# Film "Attack of La Nina", tonight Nov 23rd, Burlington MA



## billski (Nov 16, 2011)

I'll be there at 6pm.  PM me if you want.  Store Mgt knows me and usually boots me out :lol:  so look for the guy on the sidewalk with a tin cup!


FILM: MATCHSTICK PRODUCTIONS “Attack of La Nina”
 h
 Date: 11.16.11
 Venue: Ski Haus Burlington
 Time: 6pm & 9pm
 http://www.skimovie.com/index.php/individual-tour-dates/burlington-ma/
 Reserve your spot, write to:  rsvp@skihaus.com $5 donation to save the children


----------



## billski (Nov 16, 2011)

FOR IMMEDIATE RELEASE

CRESTED BUTTE, Colorado (July 5th, 2011) – Matchstick Productions, the seven-time winner of the sport’s coveted Movie of the Year award, is pleased to announce its latest offering to skiing’s celluloid legacy.  “Attack of La Niña: The Bitch is Back” will debut at the world famous Boulder Theater on September 17th, 2011.

“Attack of La Niña” is a recap of one of the longest and deepest North American winters on record, served up courtesy of the worldwide weather phenomenon known as la niña.  “Last winter continued to amaze us as the season went on – weather patterns relentlessly pounded the western US and Canada,” said executive producer Murray Wais.  “Deep snow and epic conditions made it nearly impossible to stray too far from home, creating opportunities to go deeper into zones that we’ve explored in the past.  We were able to check out some spots that we’d never even thought of as possibilities before, and the payoff was greater than we ever could have expected!”

Along for the ride is MSP staple Sean Pettit, throwing down and dominating powder across his home province of British Columbia.  Follow the journey of Frenchman Richard Permin as he chases storms throughout Canada, and watch the exploits of X Games superstar Bobby Brown as he leads an A-list team back to Alyeska for another massive jump session.  A heliskiing trip deep into an elusive BC Coast Range hot spring provides the backdrop for one of the most scenic segments of the year, featuring Ingrid Backstrom, James Heim, and Eric Hjorleifson.  Be sure to bask in the persona of skiing’s funniest character, Colby West, on his quest for the “ultimate run.”

This breathtaking film features an eclectic mix of high definition camera work and awe-inspiring footage captured using the most state of the art equipment available, including slow motion Phantom cameras, heli-mounted Cineflex rigs, and ultra high end point-of-view camera angles.  This film is the latest in a long line of award-winning ski movies from MSP, including “In Deep” and “The Way I See It,” winners of Movie of the Year in 2009 and 2010.
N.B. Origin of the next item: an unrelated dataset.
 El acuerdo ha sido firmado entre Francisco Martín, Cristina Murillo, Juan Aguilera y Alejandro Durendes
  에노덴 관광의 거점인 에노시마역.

“Attack of La Niña” was filmed on location everywhere storms were served up in North America, including Alyeska AK, Terrace BC, Aspen CO, Whistler BC, Breckenridge CO, Mammoth Mountain CA, Stevens Pass WA, and many other world-class destinations.  The cast of this incredible new movie is made up of the best skiers of our era: Sean Pettit, Bobby Brown, Mark Abma, Henrik Windstedt, Richard Permin, Gus Kenworthy, Eric Hjorleifson, Ingrid Backstrom, Russ Henshaw, Colby West, James Heim, Cody Townsend, Rory Bushfield, Callum Pettit, Jacob Wester, Alex Schlopy, and 15 year old sensation Torin Yater-Wallace.


----------



## billski (Nov 16, 2011)

Been there, done that.  Most excellent.  You missed a free film and lots of swag...


----------



## Cannonball (Nov 17, 2011)

billski said:


> Been there, done that.  Most excellent.  You missed a free film and lots of swag...
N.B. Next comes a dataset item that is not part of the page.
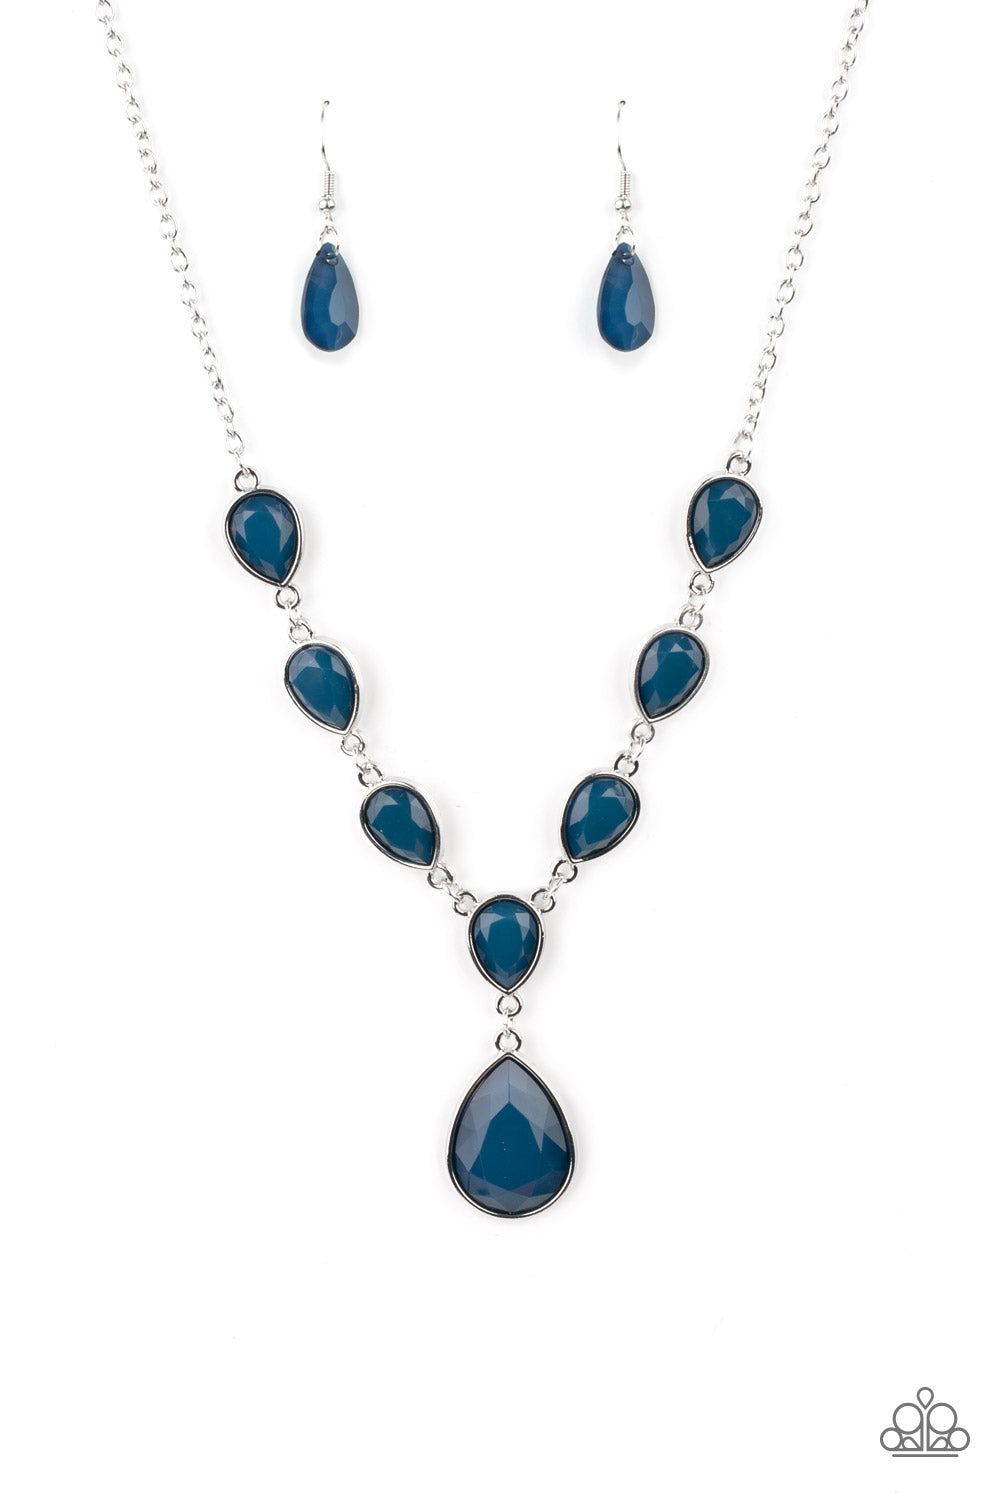 Party Paradise - Blue Necklace freeshipping - JewLz4u Gemstone Gallery
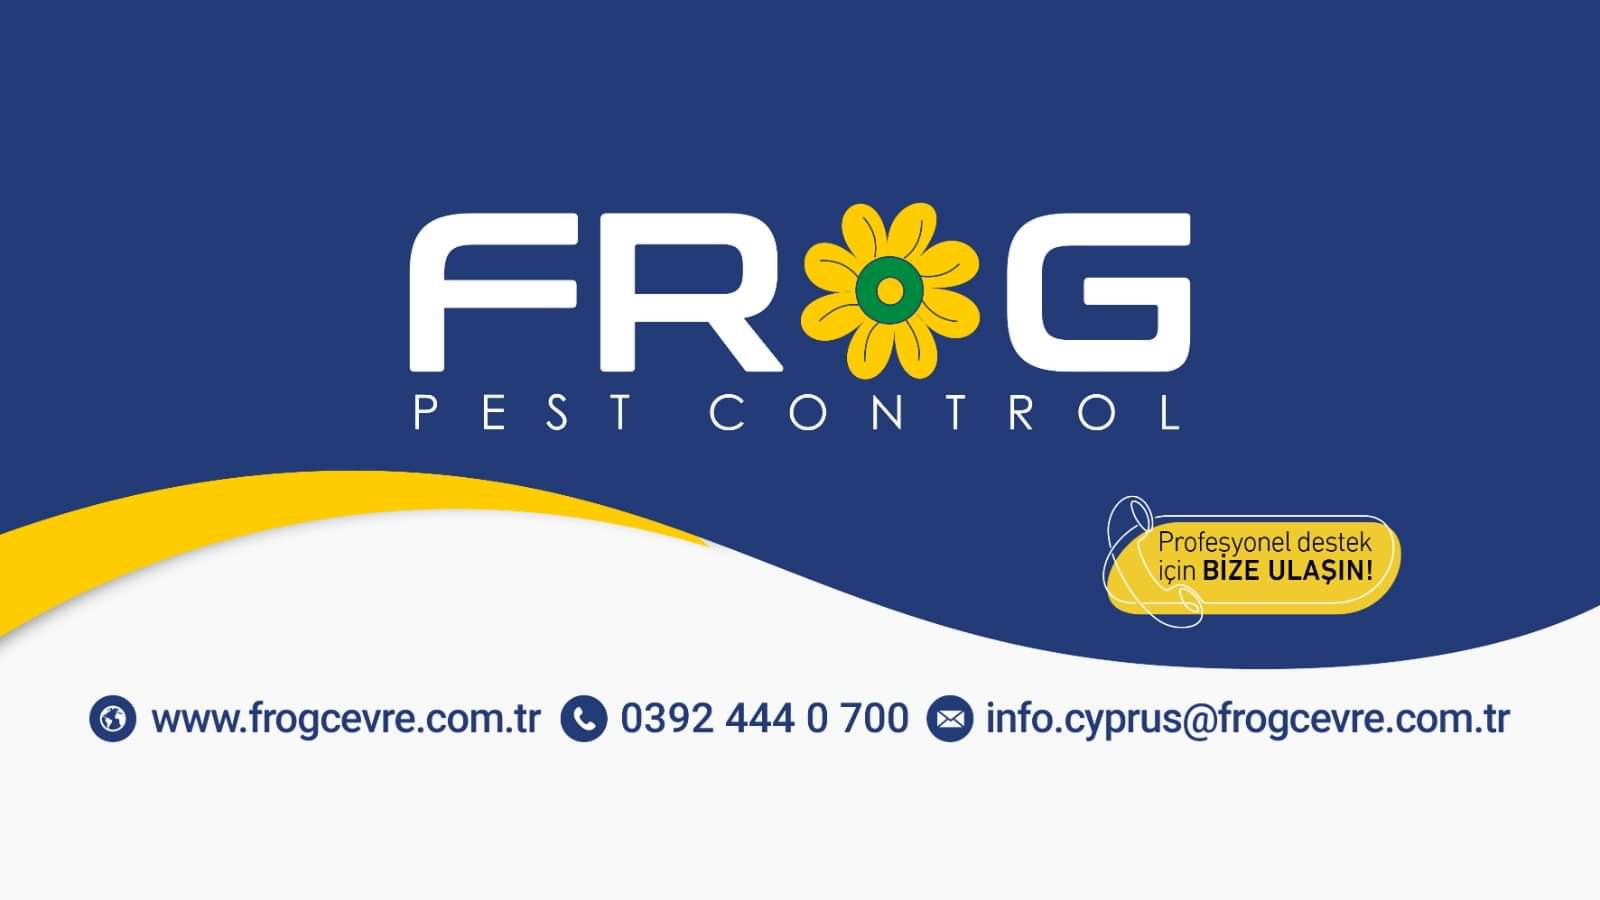 Frog Temizlik ve Hizmet Ticaret Şti.Ltd. (Frog Pest Control)

Huh?  Thought you said it was coming up...23rd?


----------



## Black Phantom (Nov 17, 2011)

Yeah- WTF?


----------



## billski (Nov 17, 2011)

my bad...


----------



## speden (Nov 17, 2011)

How about a review?  Was it any good?


----------



## Black Phantom (Nov 17, 2011)

speden said:


> How about a review?  Was it any good?



billski has entered


----------



## billski (Nov 17, 2011)

*Review*

Ahem.  About the movie.

First, it has absolutely nothing to do with the babe on the ad.  Except maybe a simple cartoon of a women getting plastered by snowballs.
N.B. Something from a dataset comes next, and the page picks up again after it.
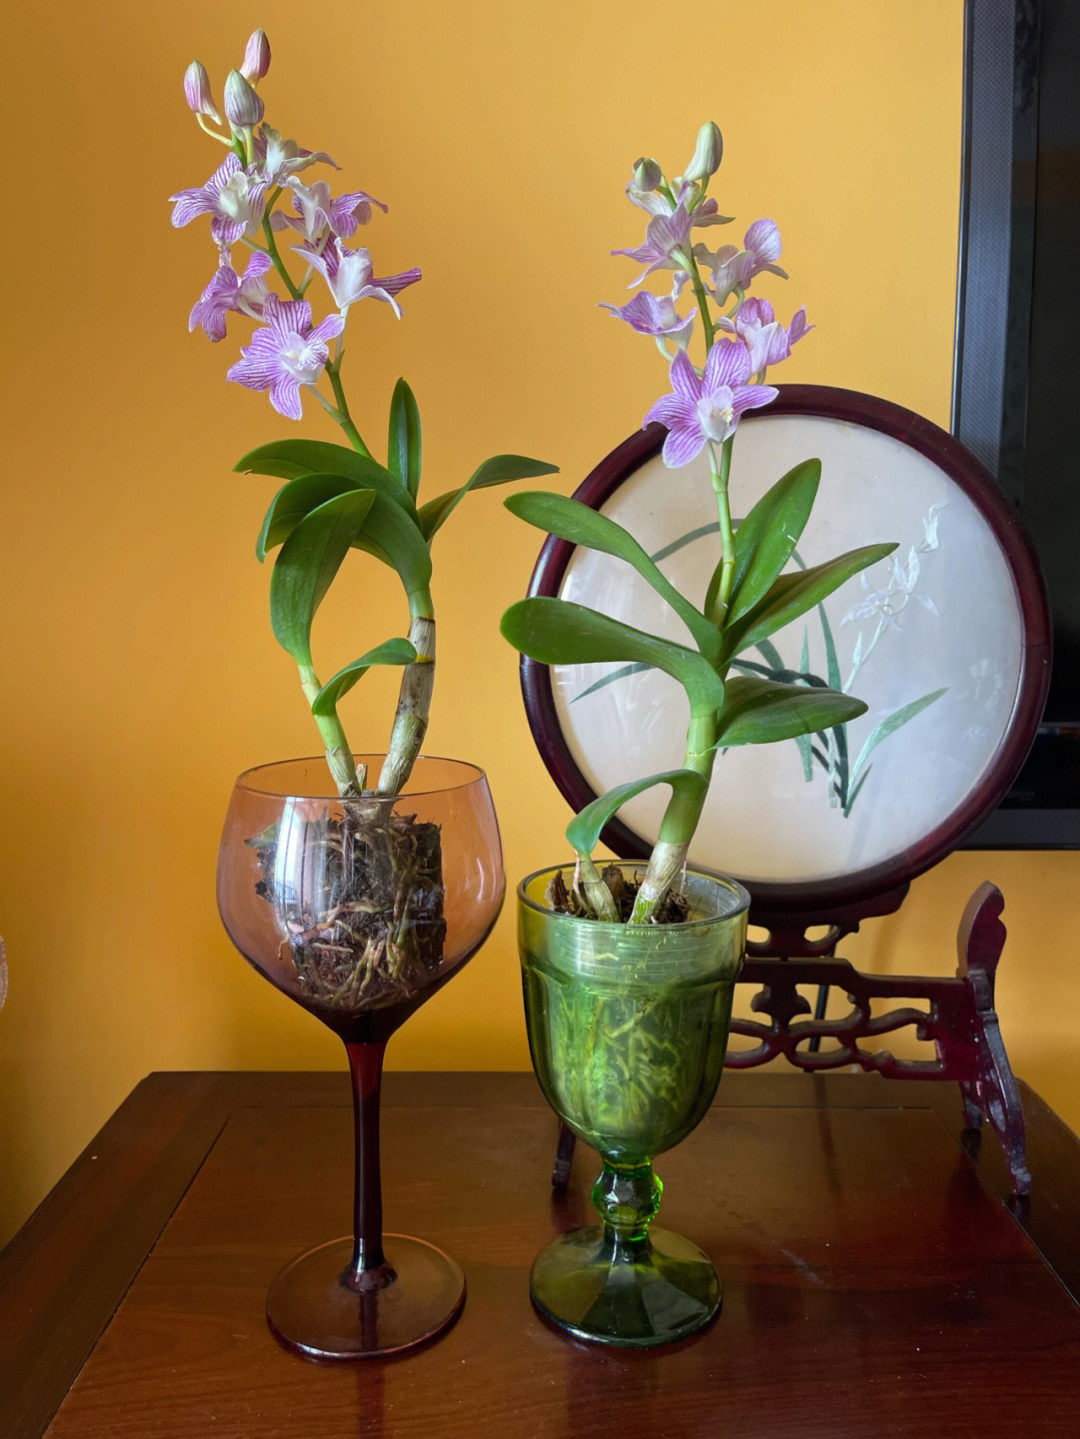 这两株石斛兰的品种叫紫蝶,每周只用浇一次水,每两天用喷壶喷些水滴在

It's about a bunch of buds who just like to ski.  they are really, really good skiers, who shoot some pretty scary terrain.  It's not only steep, but it's quite rocky and ledgy.  There is no choice but to ski over this stuff.  Miss one bump, kiss your a$$ goodbye.  Great air skills.  

Heli is the only way to get there.  It's nothing macho at all.  Just some ordinary 20-somethings.  They put this together with a really top-notch video crew, using some incredible filming equipment.  Up close shots from the heli unlike anything I've ever seen.   

The most frikkin scary stuff was hi-def camera on a helmet, and on the skier in front of the subject.  This is not like filming on a chute.  Amazingly, when they would wipe out in 90% of the time, they would recover and keep going, even on the steep steeps.  

Sometimes you win, sometimes you lose.  The somersault that must have tumbled the dude at least 15 to 20 times just made me groan.

It wasn't flashy, just a lot of getting up early skiing and crashing that night.  Revelstoke was one of the sites.  Need I say more?

I definitely could watch that again, and definitely recommend this.


----------



## Rikka (Nov 17, 2011)

To add to what Bill said: the pillow skiing was insane, the sound track rocked. Sean Pettit, that kid is amazing to watch ski !!  I think being surrounded by the latest gear ,all the swag, and watching a great movie was well worth the price of admission and pretty darn cool. Now if we could just shake this warm weather!!


Rick


----------